◆ TASK DESCRIPTION: Any picture in the data below should be skipped, while every line is repeated exactly.

◆ GIVEN INFORMATION:
********
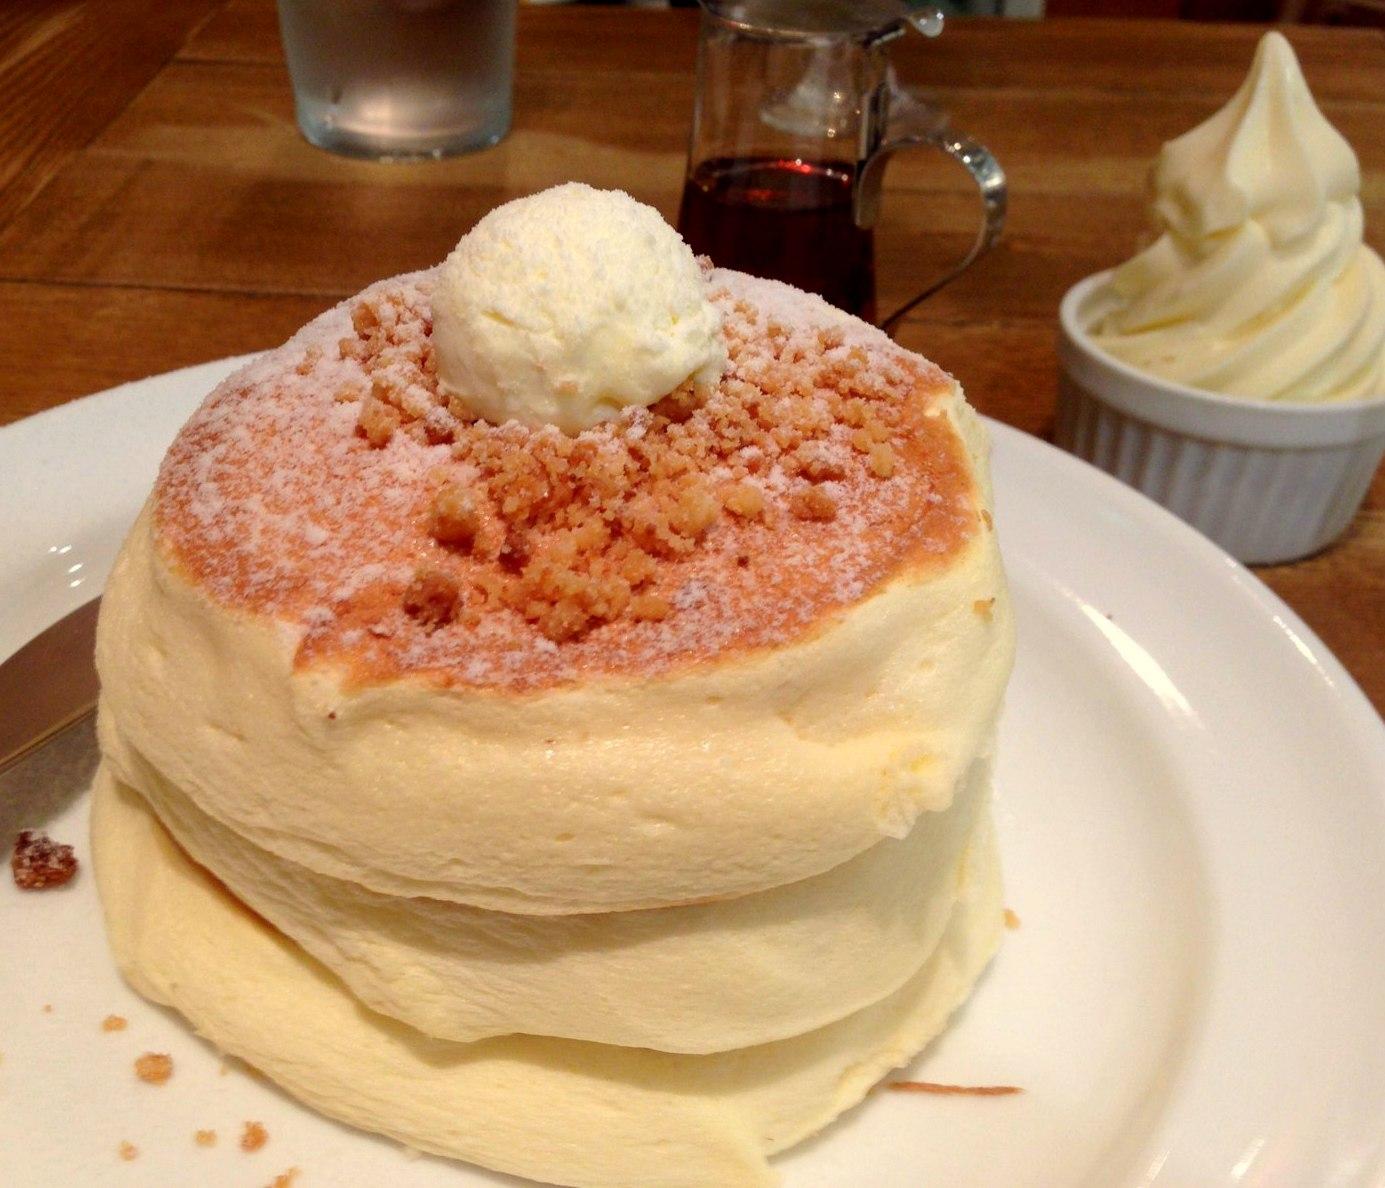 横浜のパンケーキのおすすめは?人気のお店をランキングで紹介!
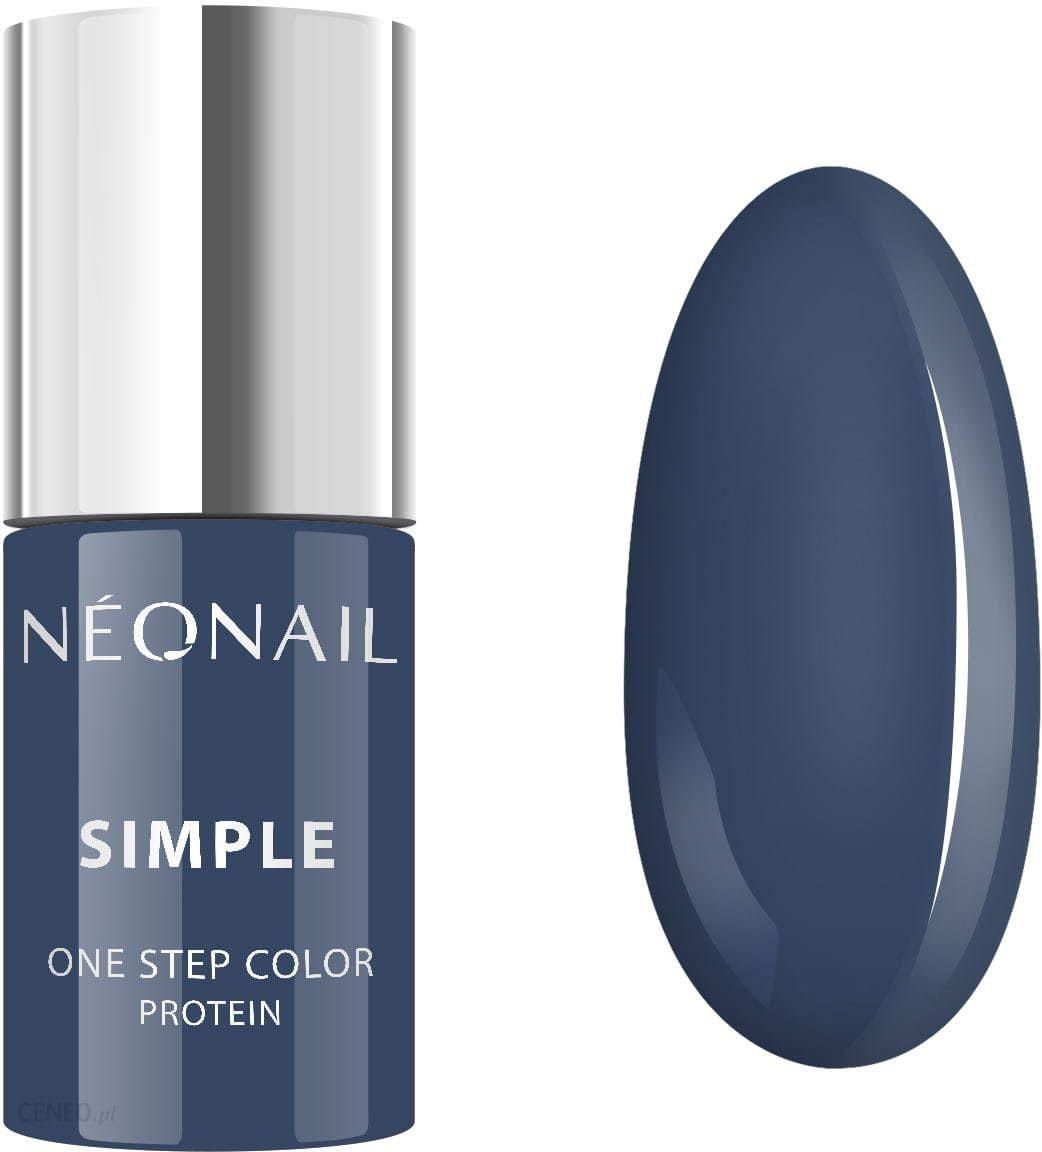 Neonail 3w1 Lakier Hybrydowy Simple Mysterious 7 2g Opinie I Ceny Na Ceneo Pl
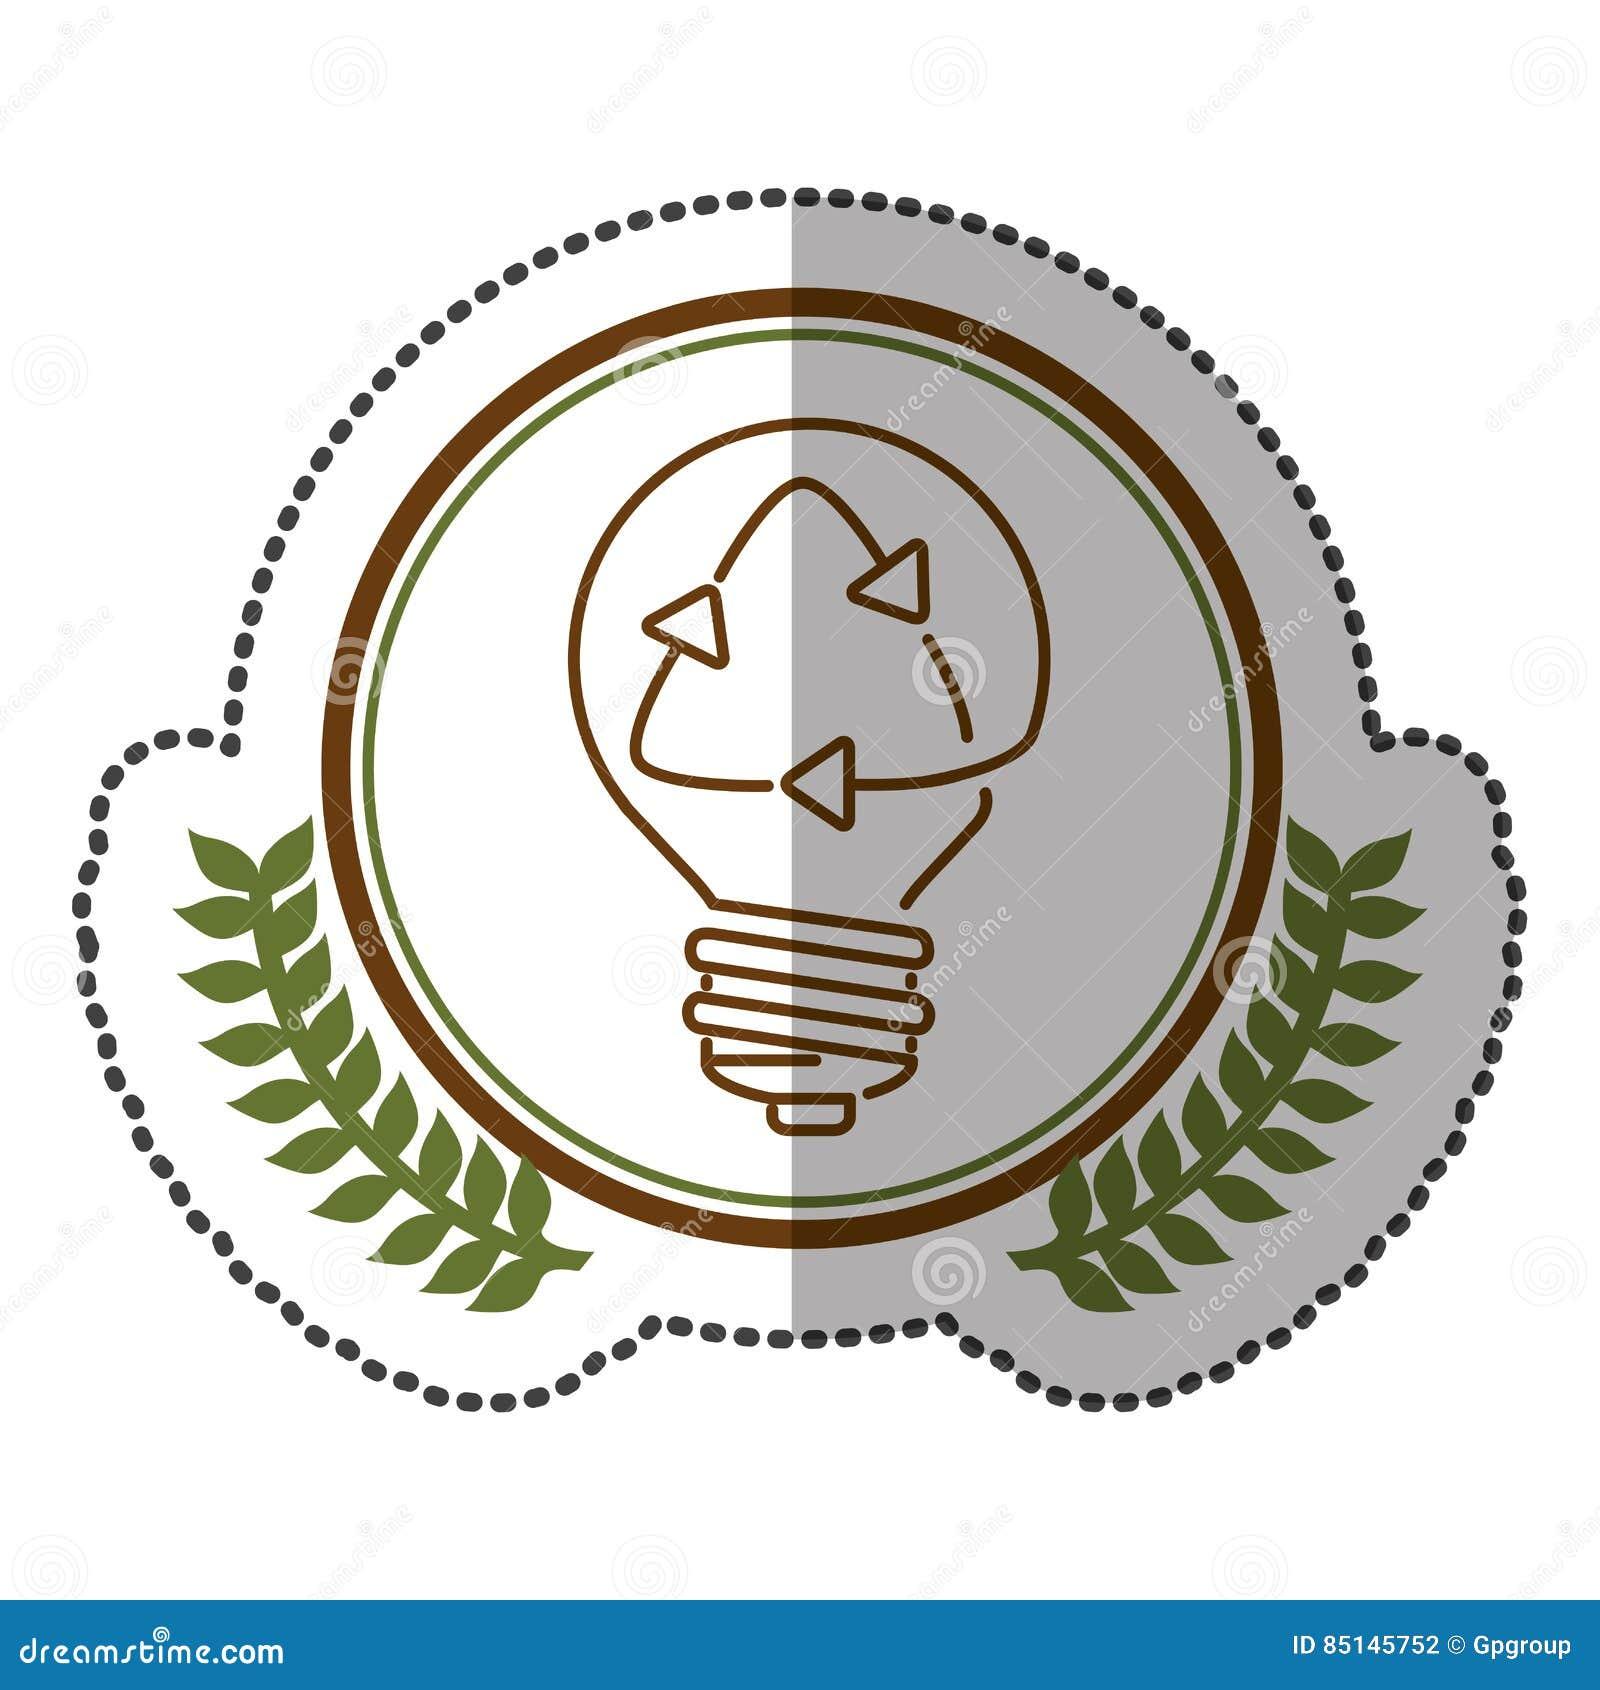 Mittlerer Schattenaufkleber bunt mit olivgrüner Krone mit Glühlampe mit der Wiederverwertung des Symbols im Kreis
********
◆ RESULT FOR THIS EXERCISE:
 横浜のパンケーキのおすすめは?人気のお店をランキングで紹介!
 Neonail 3w1 Lakier Hybrydowy Simple Mysterious 7 2g Opinie I Ceny Na Ceneo Pl
 Mittlerer Schattenaufkleber bunt mit olivgrüner Krone mit Glühlampe mit der Wiederverwertung des Symbols im Kreis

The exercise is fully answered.